- [Given material]
● ● ● ●
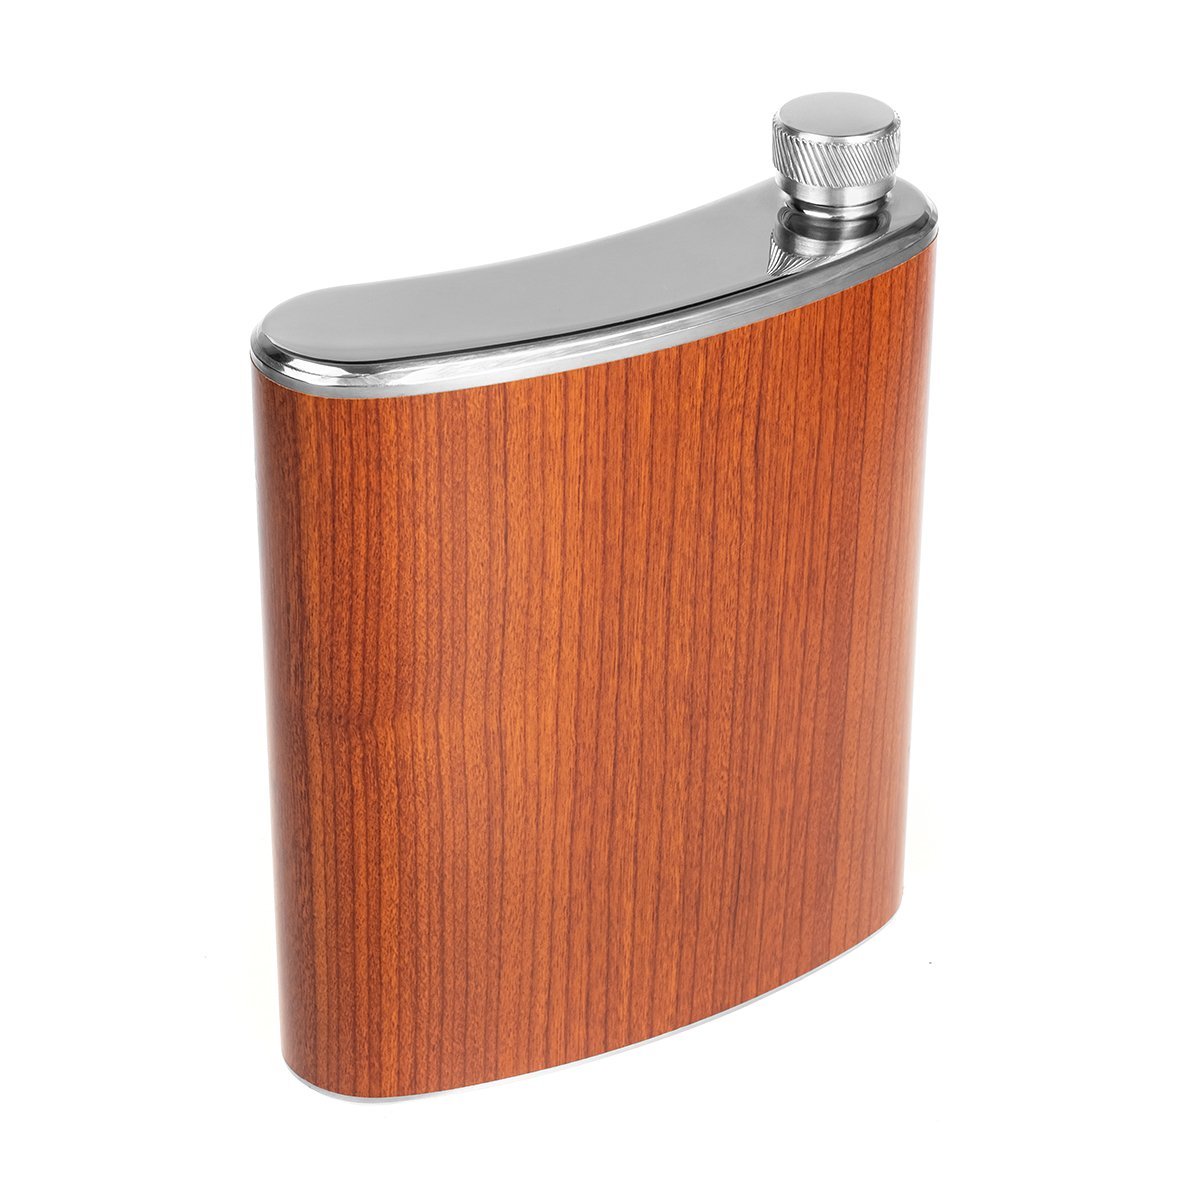 Stainless Steel Hip Alcohol Flask with Shot Glasses in Case 17 oz
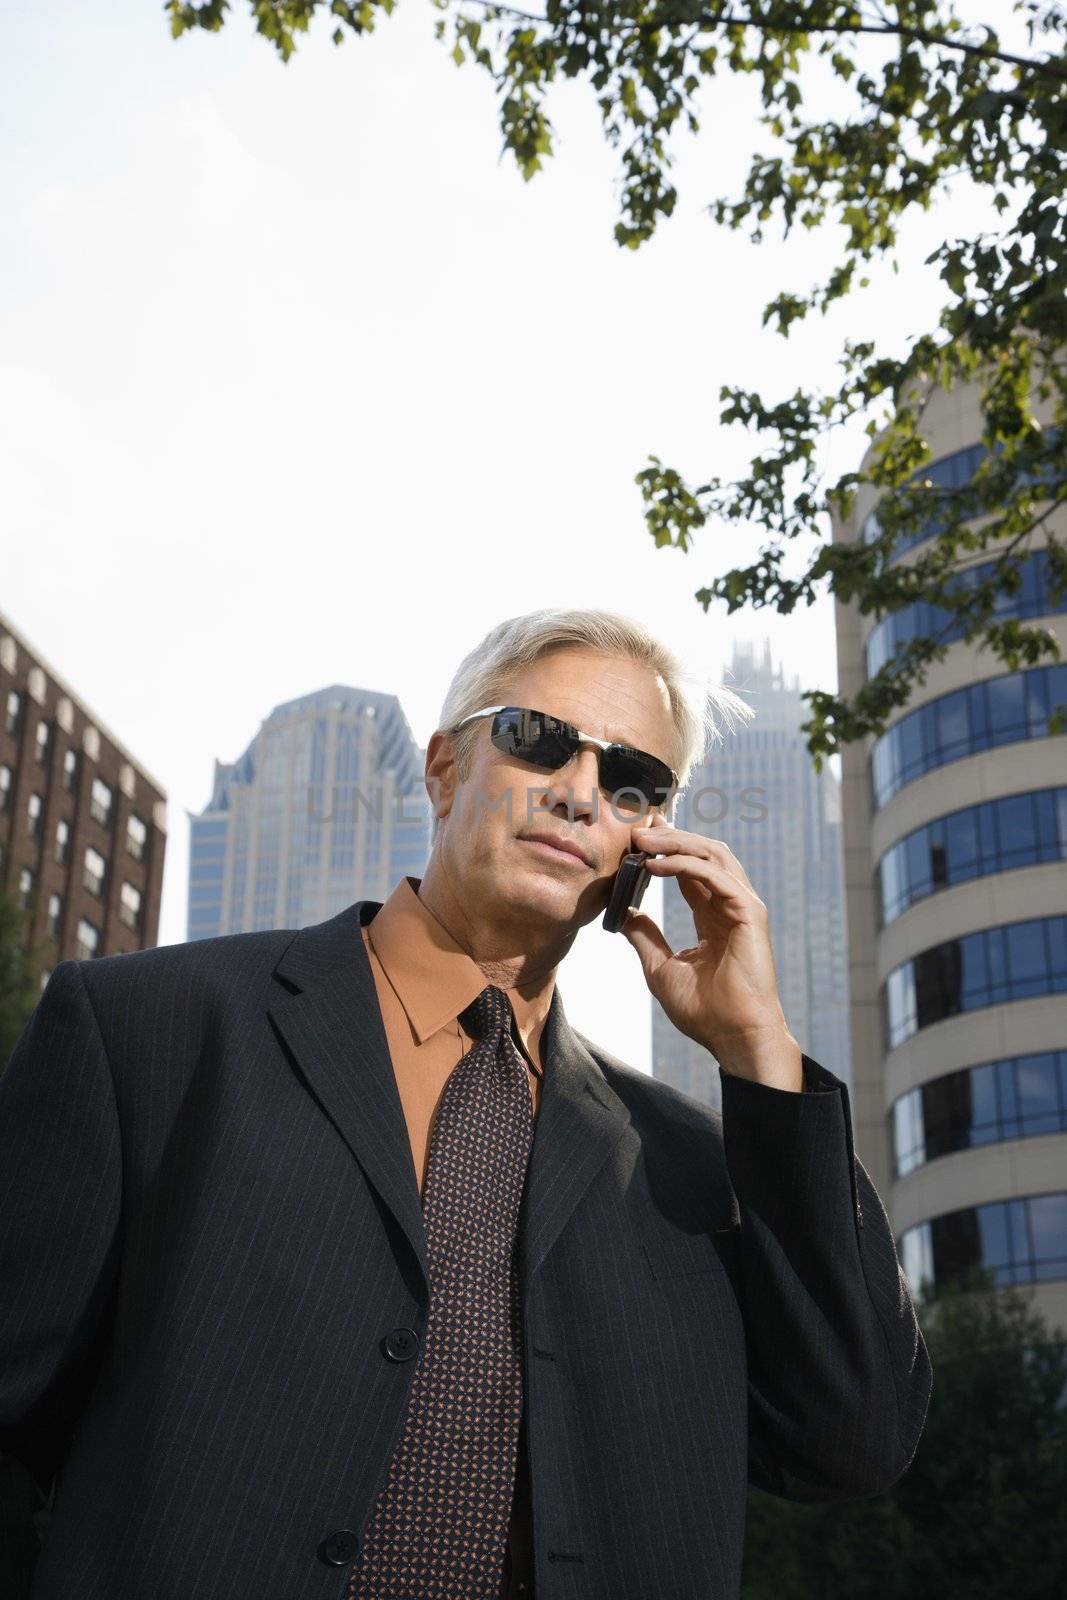 Caucasian middle aged businessman in sunglasses talking outdoors on cell phone.
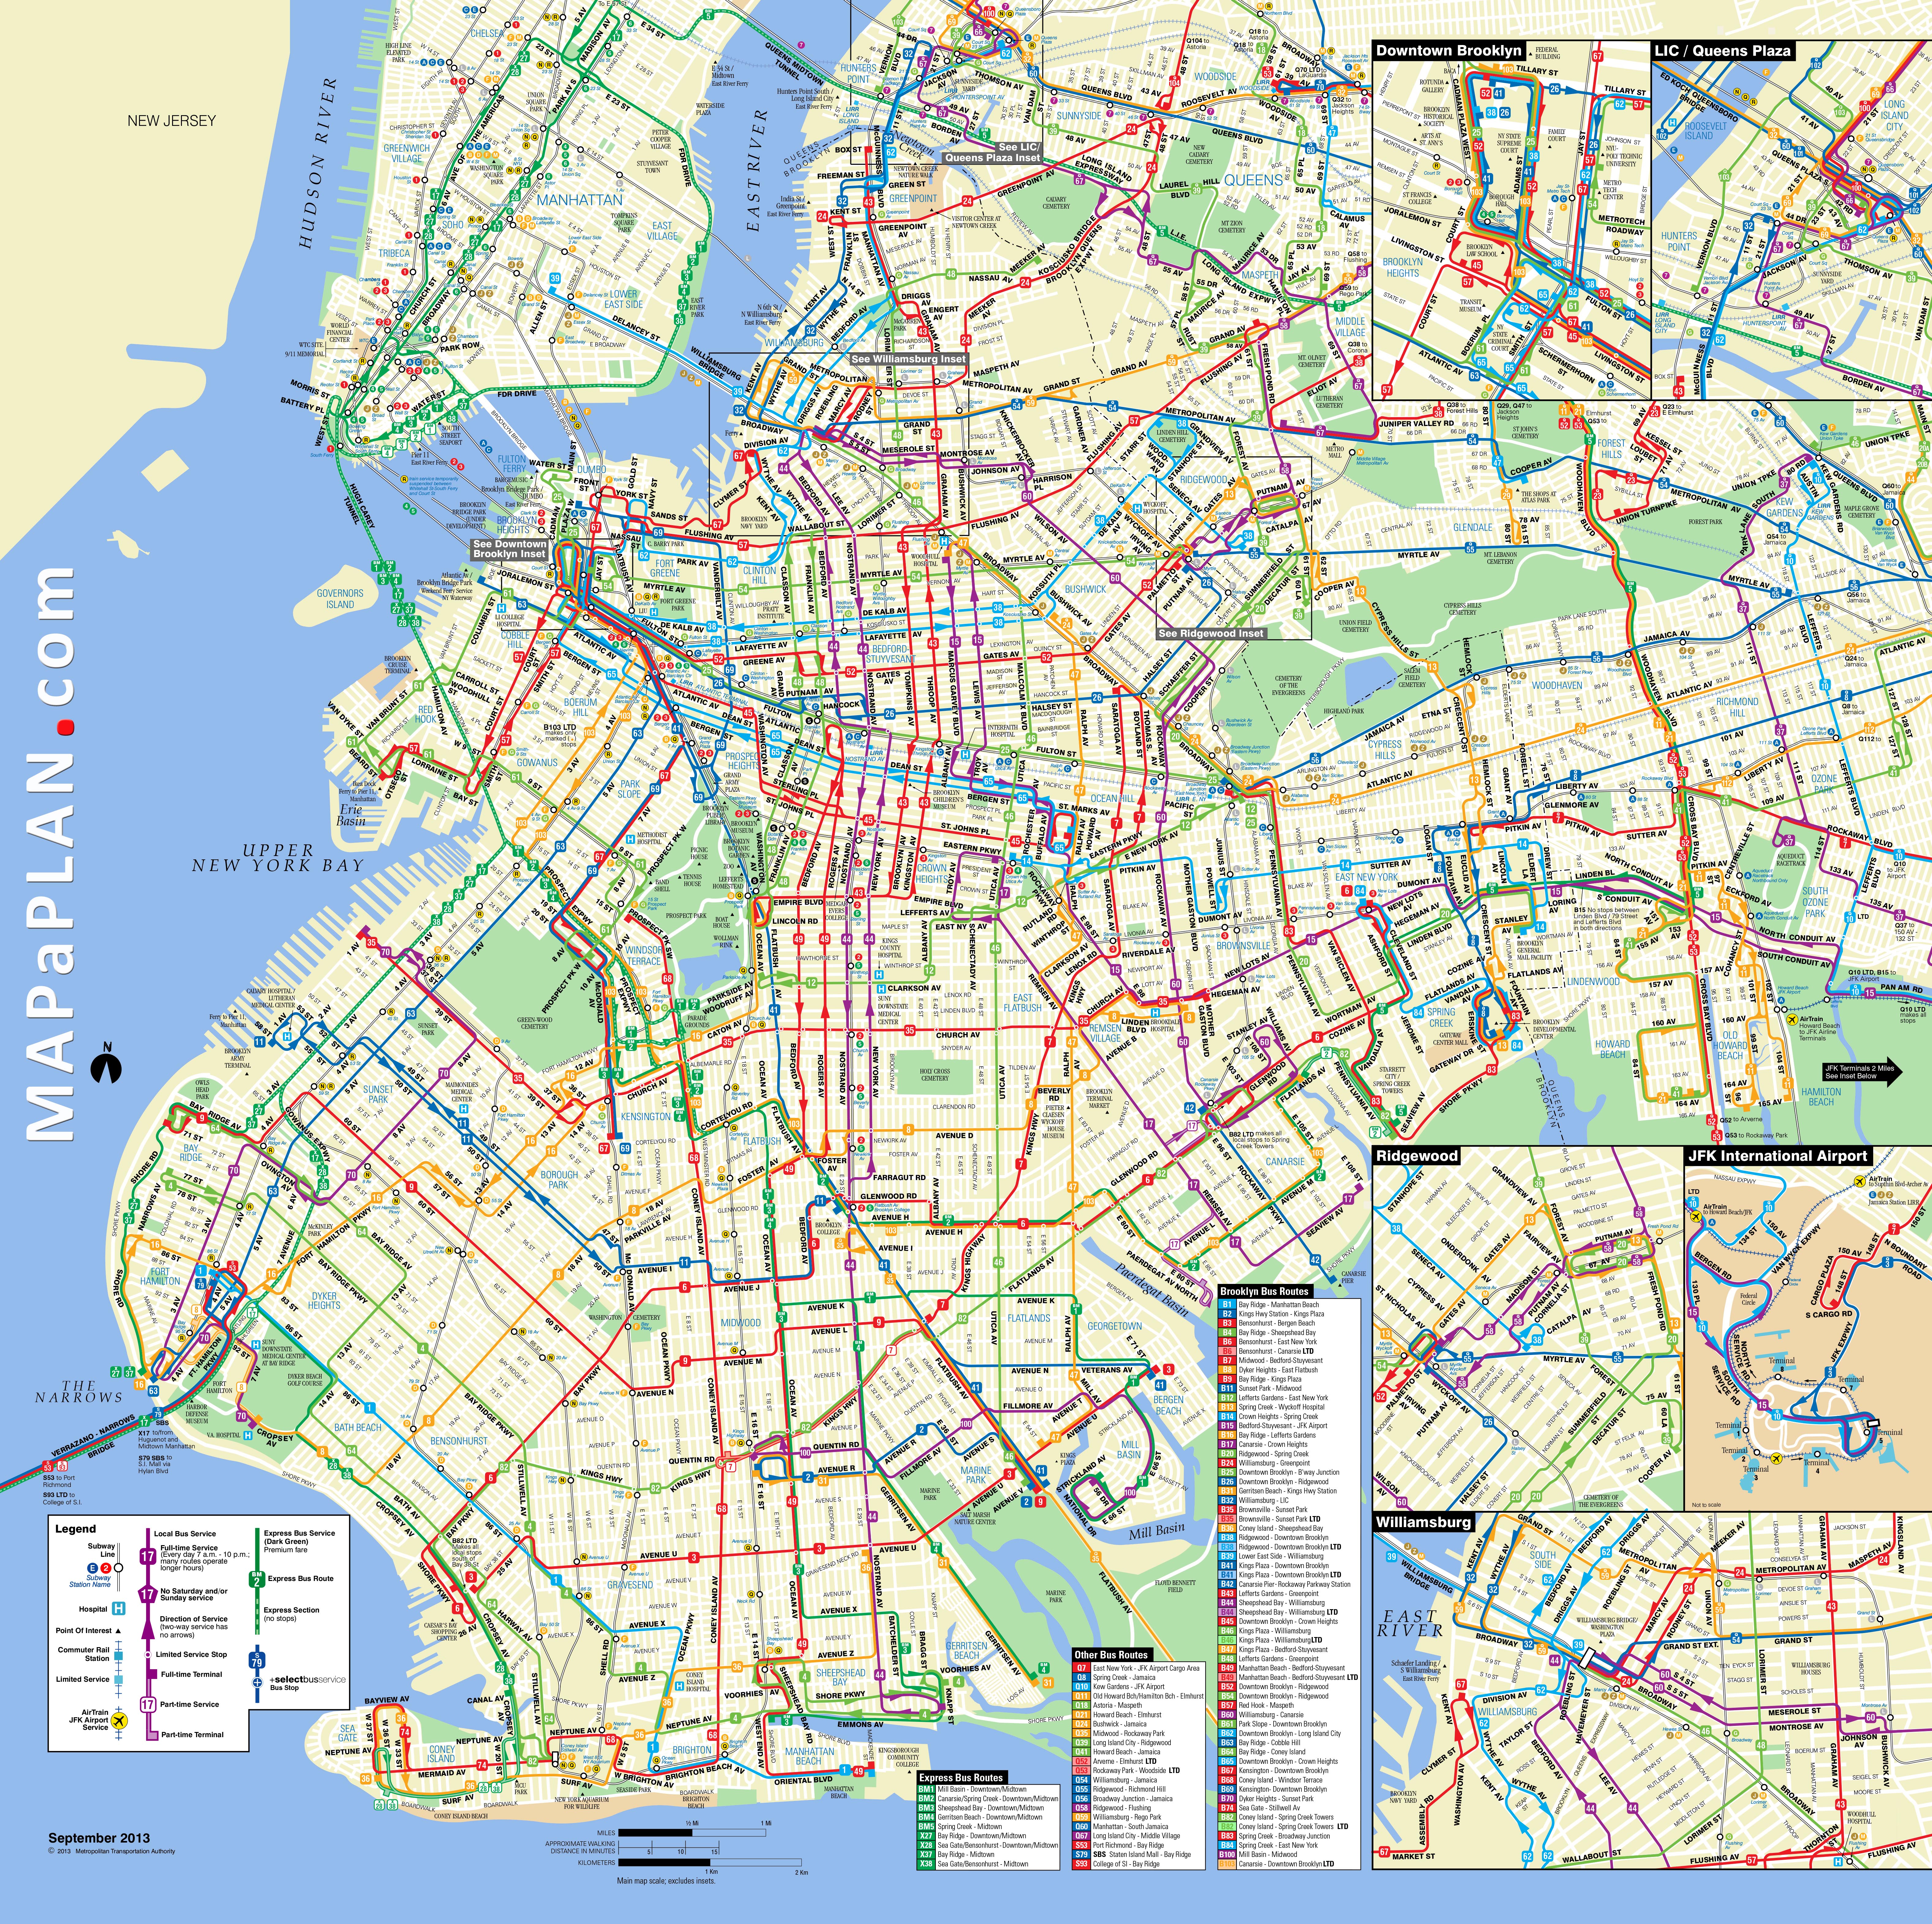 brooklyn-bus-map-new-york-top-tourist-attractions-map
● ● ● ●
- [Exercise goal] Copy the material above exactly and drop the pictures.

- [Expected output]
 Stainless Steel Hip Alcohol Flask with Shot Glasses in Case 17 oz
 Caucasian middle aged businessman in sunglasses talking outdoors on cell phone.
 brooklyn-bus-map-new-york-top-tourist-attractions-map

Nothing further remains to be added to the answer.